Le mois dernier, les médiateurs européens ont semblé progresser dans les négociations, l’Iran ayant largement accepté une proposition de texte final. Leurs espoirs ont été anéantis lorsque l’Iran a exigé à nouveau que l’AIEA mette fin à trois enquêtes en cours sur ses activités nucléaires non déclarées.

« Cette dernière demande soulève de sérieux doutes quant aux intentions et à l’engagement de l’Iran en faveur d’une issue positive du JCPOA », ont déclaré la France, l’Allemagne et la Grande-Bretagne.

« Malheureusement, l’Iran a choisi de ne pas saisir cette occasion diplomatique cruciale », ont-ils ajouté, précisant qu' »au lieu de cela, l’Iran continue d’intensifier son programme nucléaire bien au-delà de toute justification civile plausible ».

L’Iran a qualifié cette déclaration de « non constructive » et de « regrettable ».

Un haut responsable israélien a prédit dimanche qu’il n’y aurait pas de retour sur l’accord nucléaire avant les élections de mi-mandat de novembre aux États-Unis.

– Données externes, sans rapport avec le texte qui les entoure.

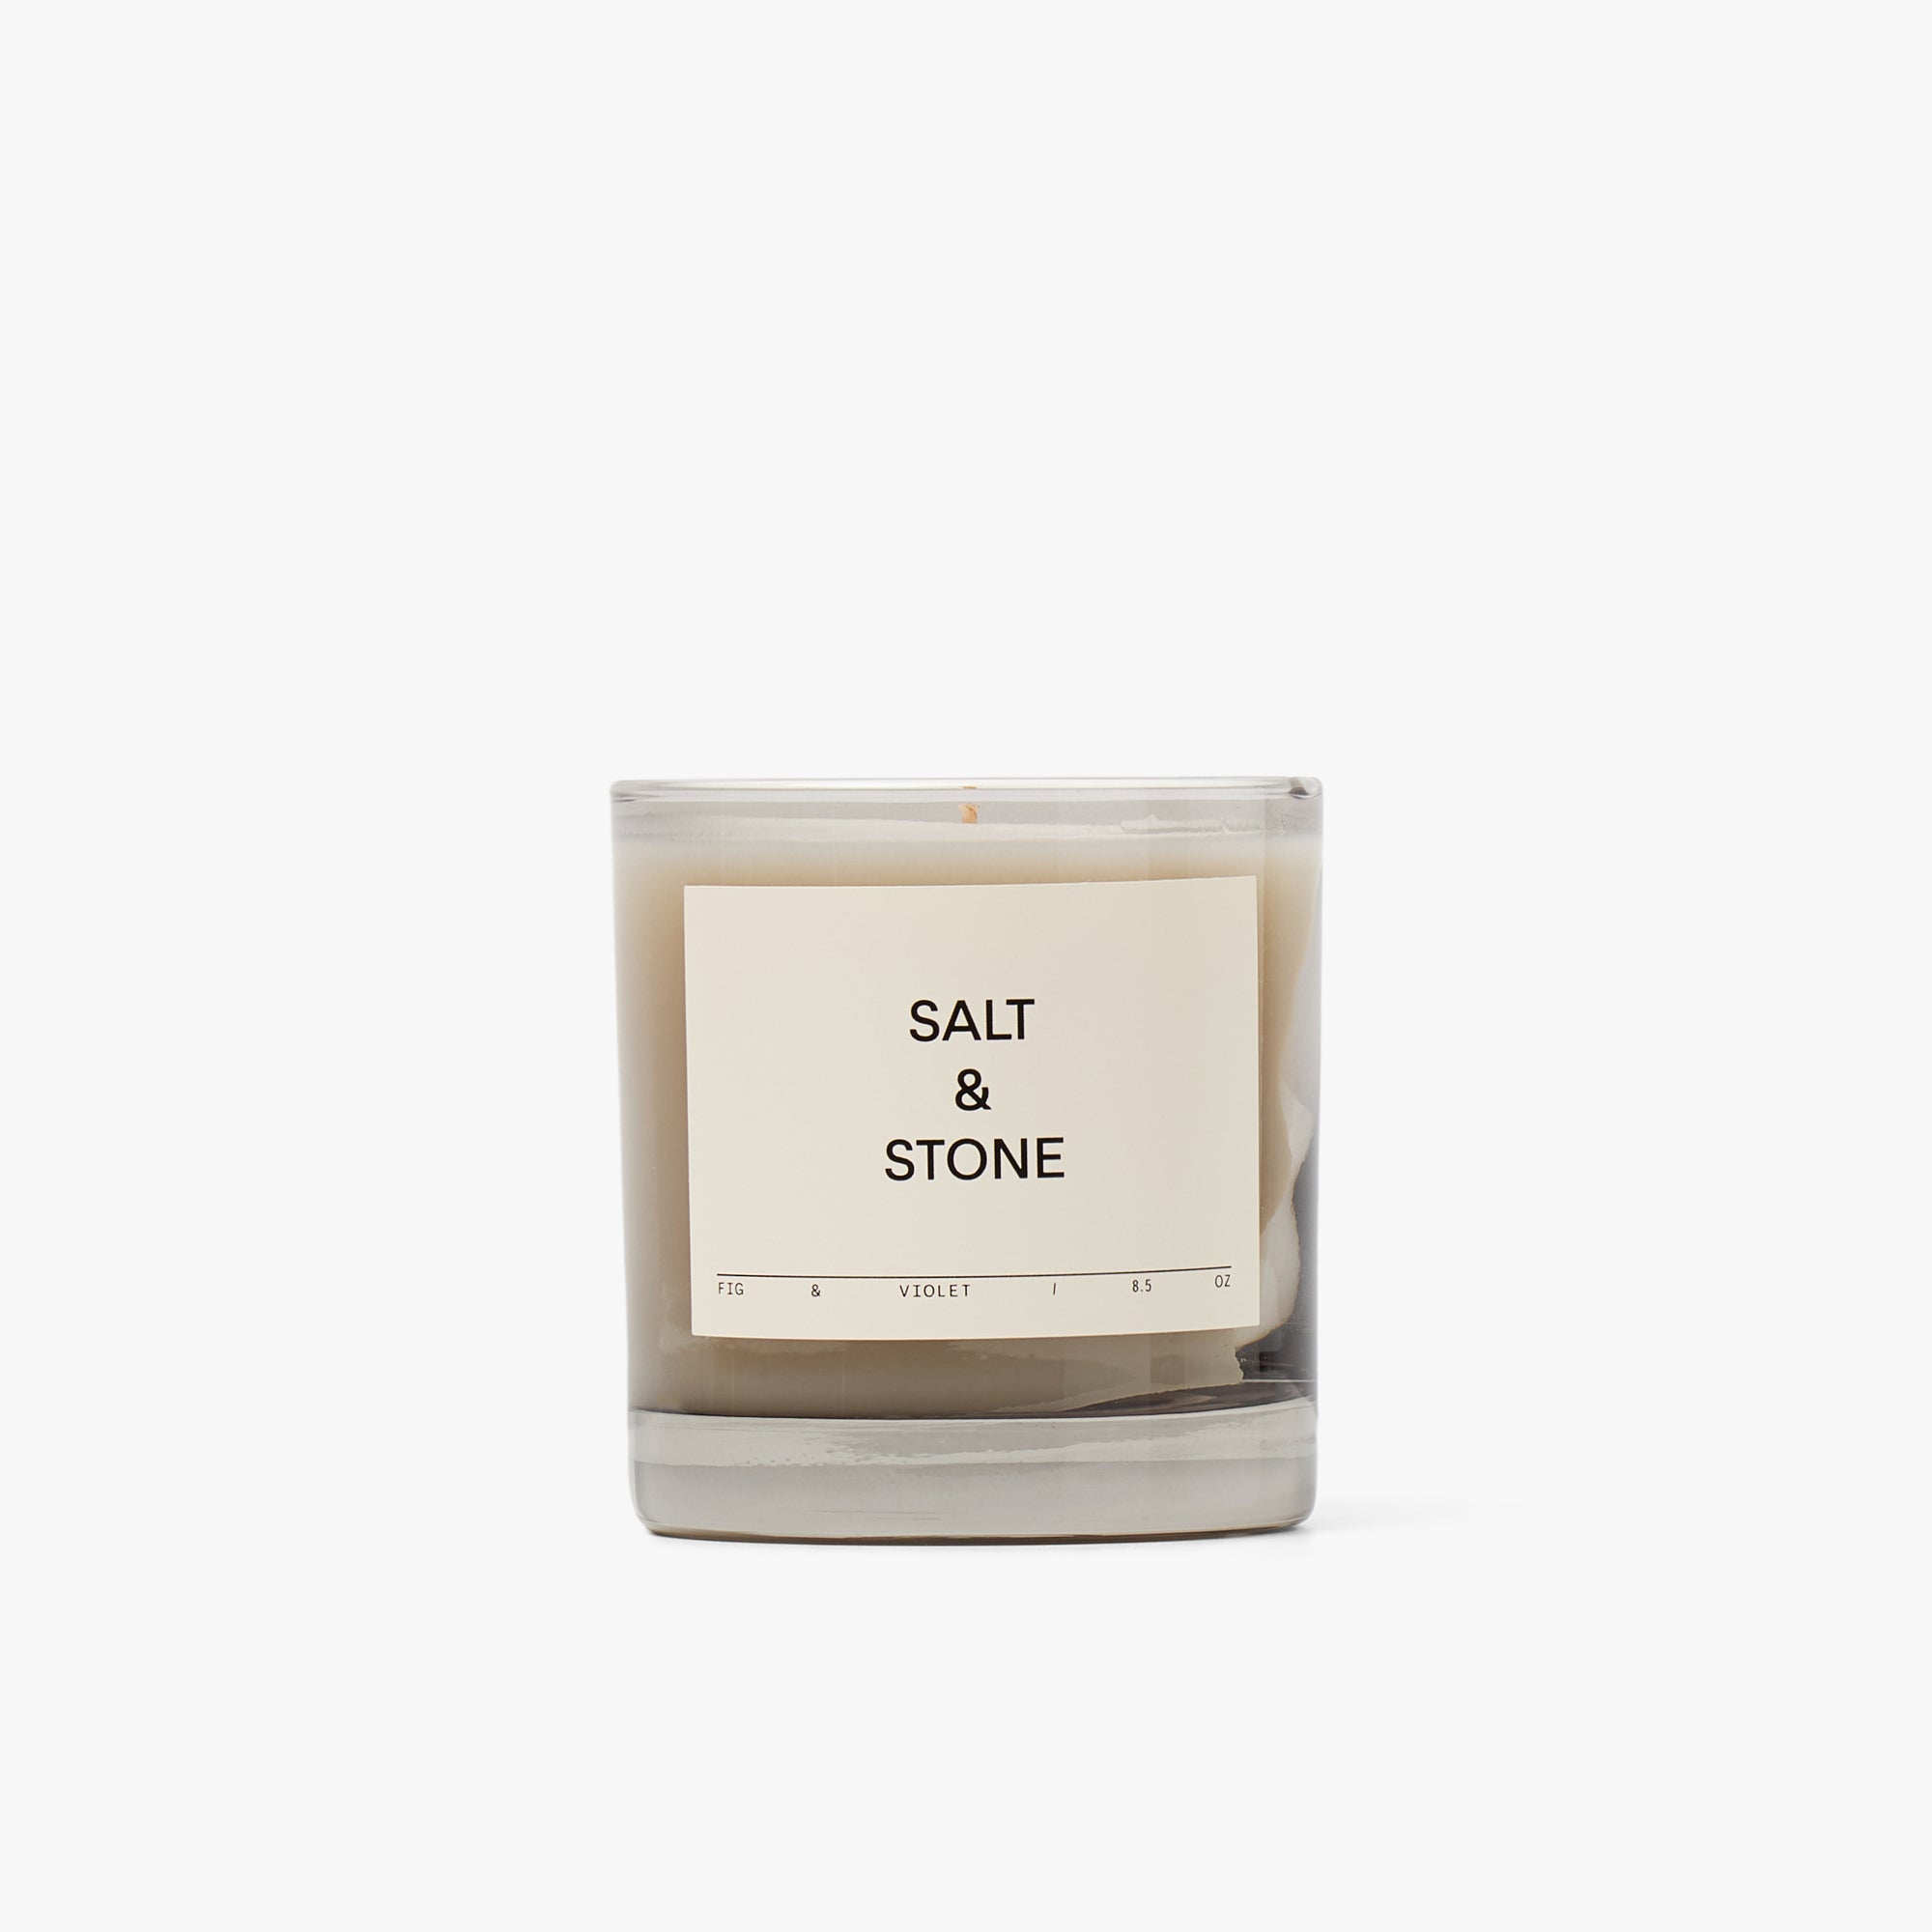 SALT & STONE Candle / Fig & Violet 1

Les négociations nucléaires avec l’Iran sont « dans l’impasse » et aucune percée n’est à attendre à court terme, a déclaré mercredi à l’AFP le chef de la diplomatie européenne Josep Borrell.

Le président iranien Ebrahim Raissi assistera à l’Assemblée générale des Nations unies à New York la semaine prochaine. Guterres a déclaré mercredi qu’il s’attendait à rencontrer Raissi à cette occasion et a ajouté qu’il était « évident » que les deux hommes discuteraient de la situation des droits de l’Homme en Iran et des négociations nucléaires.

Le briefing de mercredi de Guterres a principalement porté sur la guerre en Ukraine, le dérèglement climatique et les crises alimentaire et énergétique qui y sont liées. Le secrétaire général est récemment rentré du Pakistan, qui a été dévasté par des inondations, et s’est entretenu avec le président russe Vladimir Poutine plus tôt dans la journée de mercredi.